[[ INFORMATION SHOWN, beginning ]]

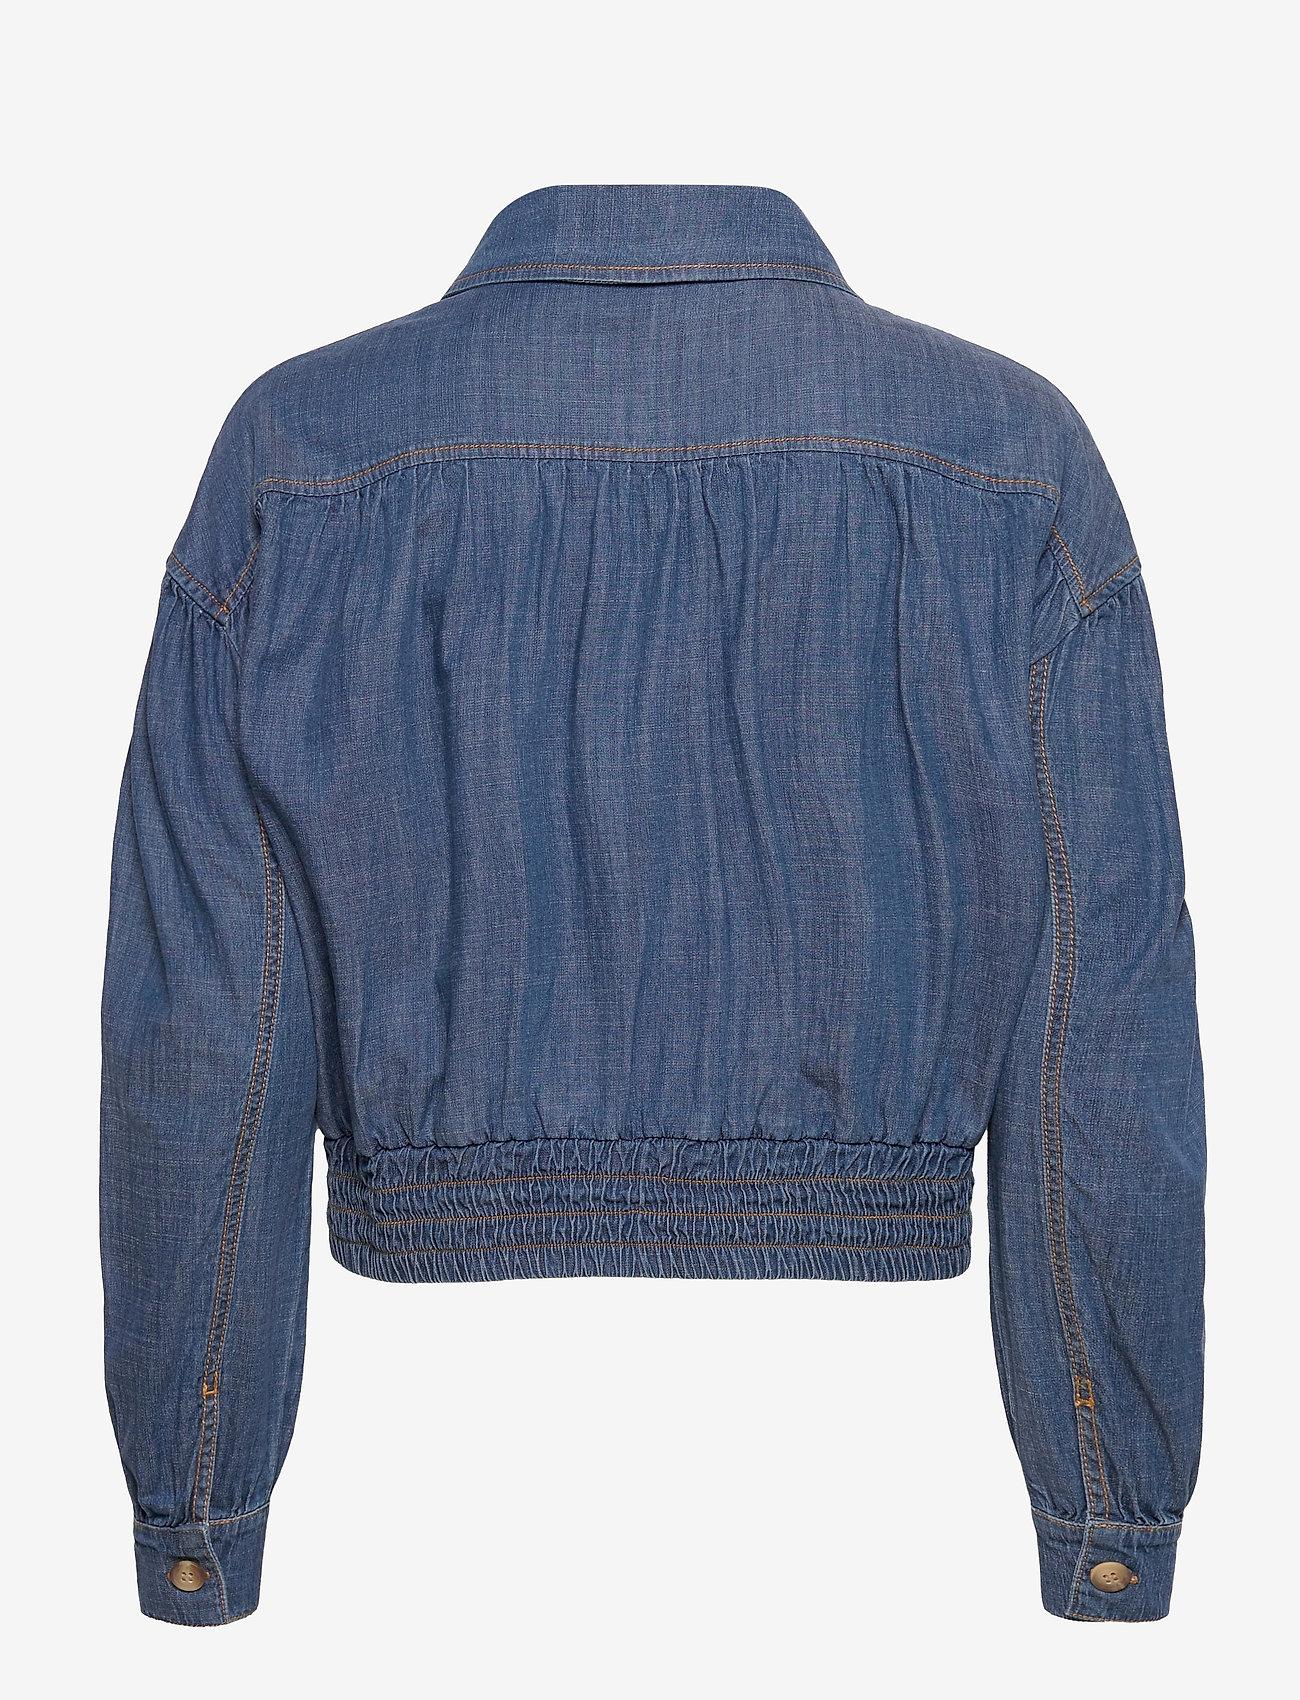 SAND - R/Denim - Margot - blouses met lange mouwen - blue - 1
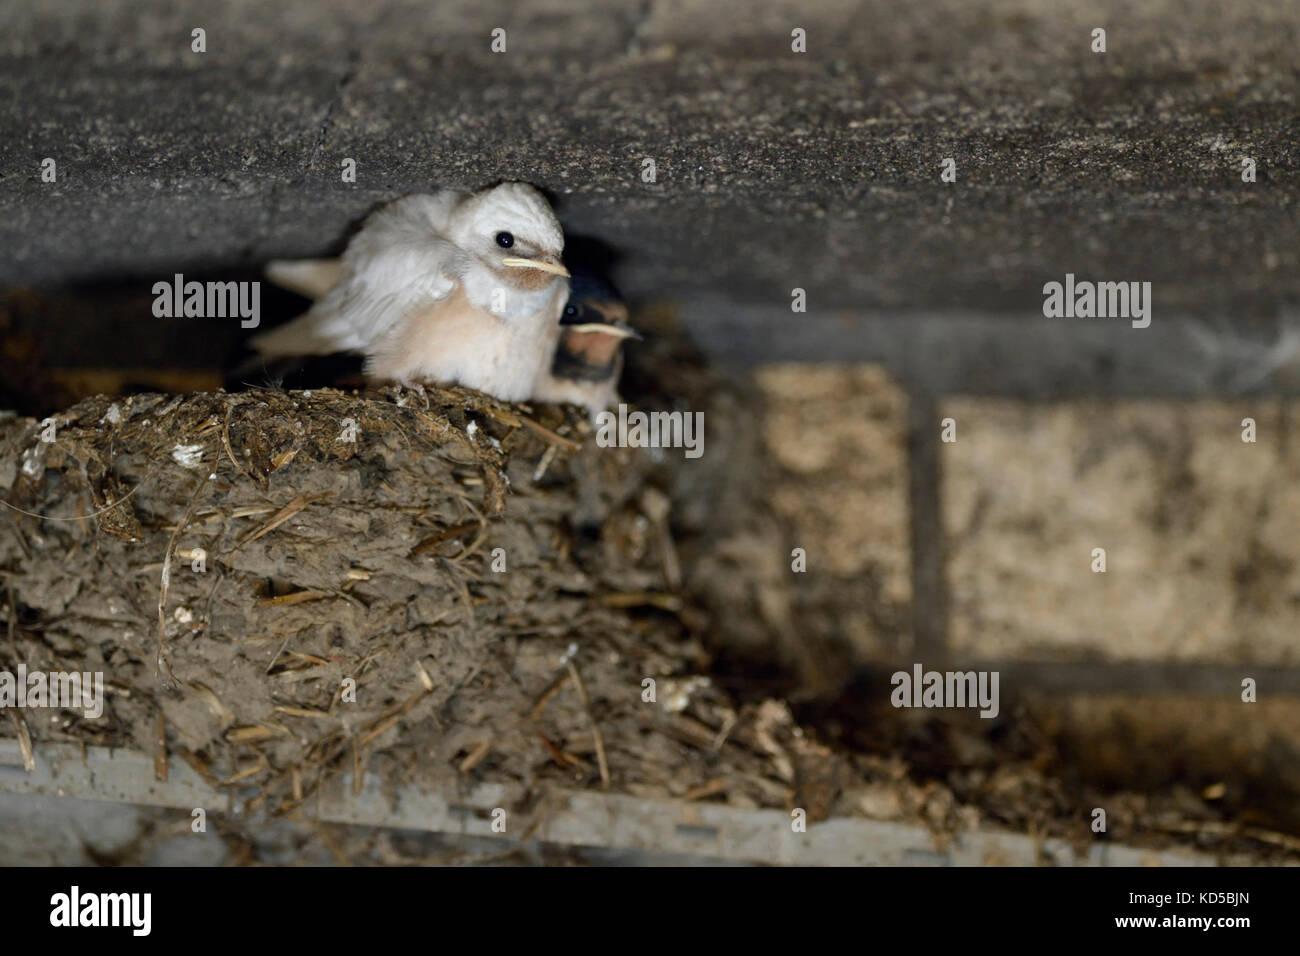 Barn Swallow / Rauchschwalbe ( Hirundo rustica ), chicks in nest, almost fledged, one with white plumage, rare gene - Stock Image
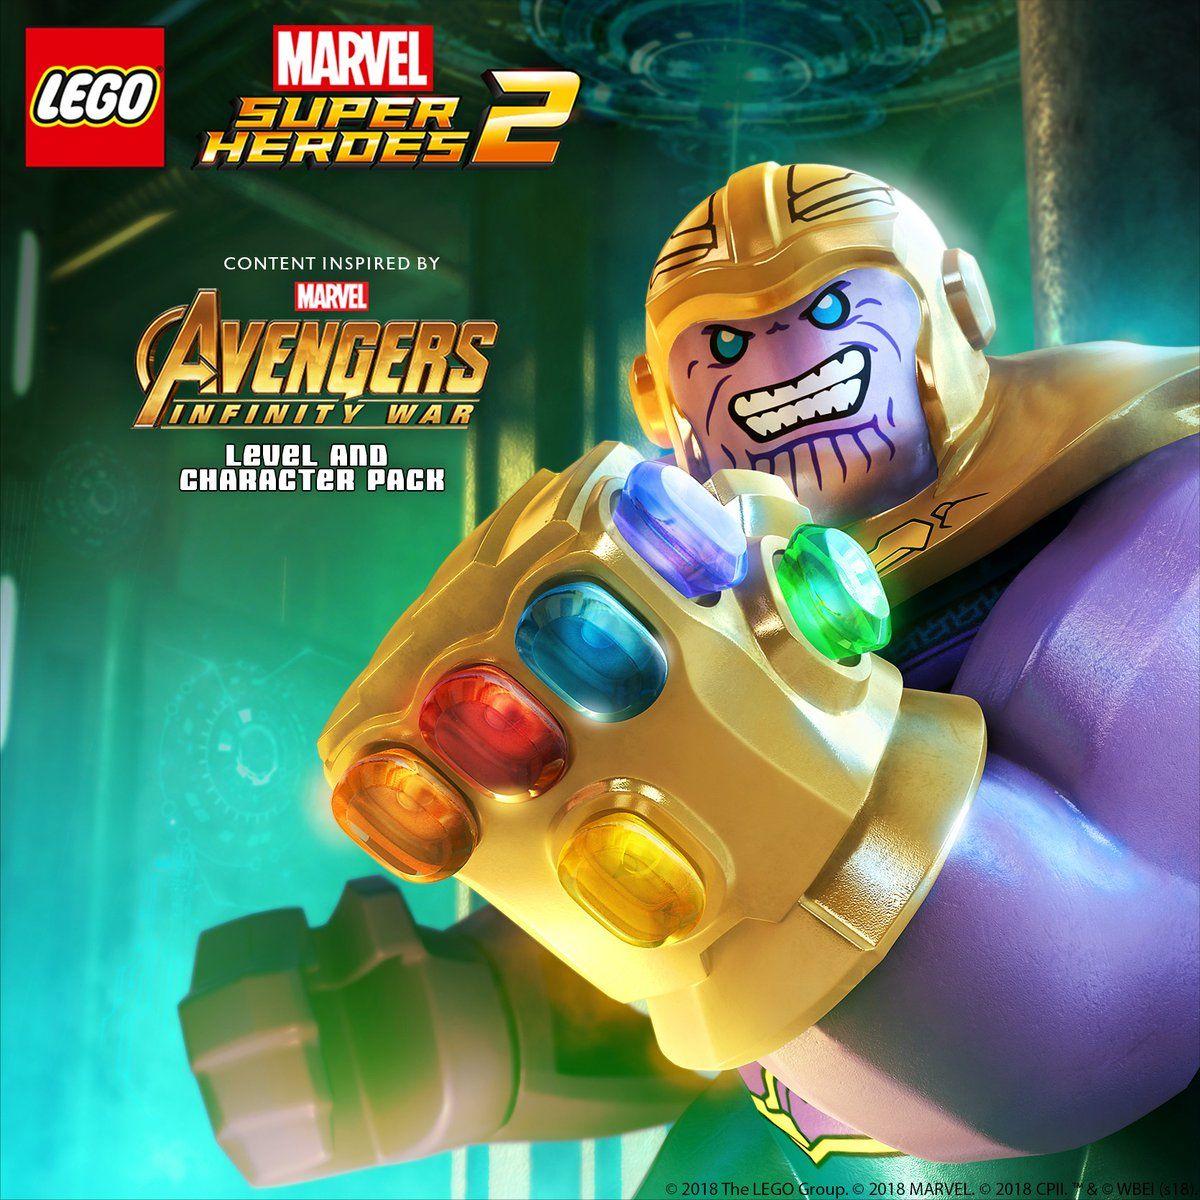 Lego marvel super heroes 2 avengers infinity war dlc promo art

[[ INFORMATION SHOWN, end ]]

▸ **EXERCISE**
When copying the listing, skip the pictures and keep each line exactly as written.

▸ **TASK RESPONSE**
 SAND - R/Denim - Margot - blouses met lange mouwen - blue - 1
 Barn Swallow / Rauchschwalbe ( Hirundo rustica ), chicks in nest, almost fledged, one with white plumage, rare gene - Stock Image
 Lego marvel super heroes 2 avengers infinity war dlc promo art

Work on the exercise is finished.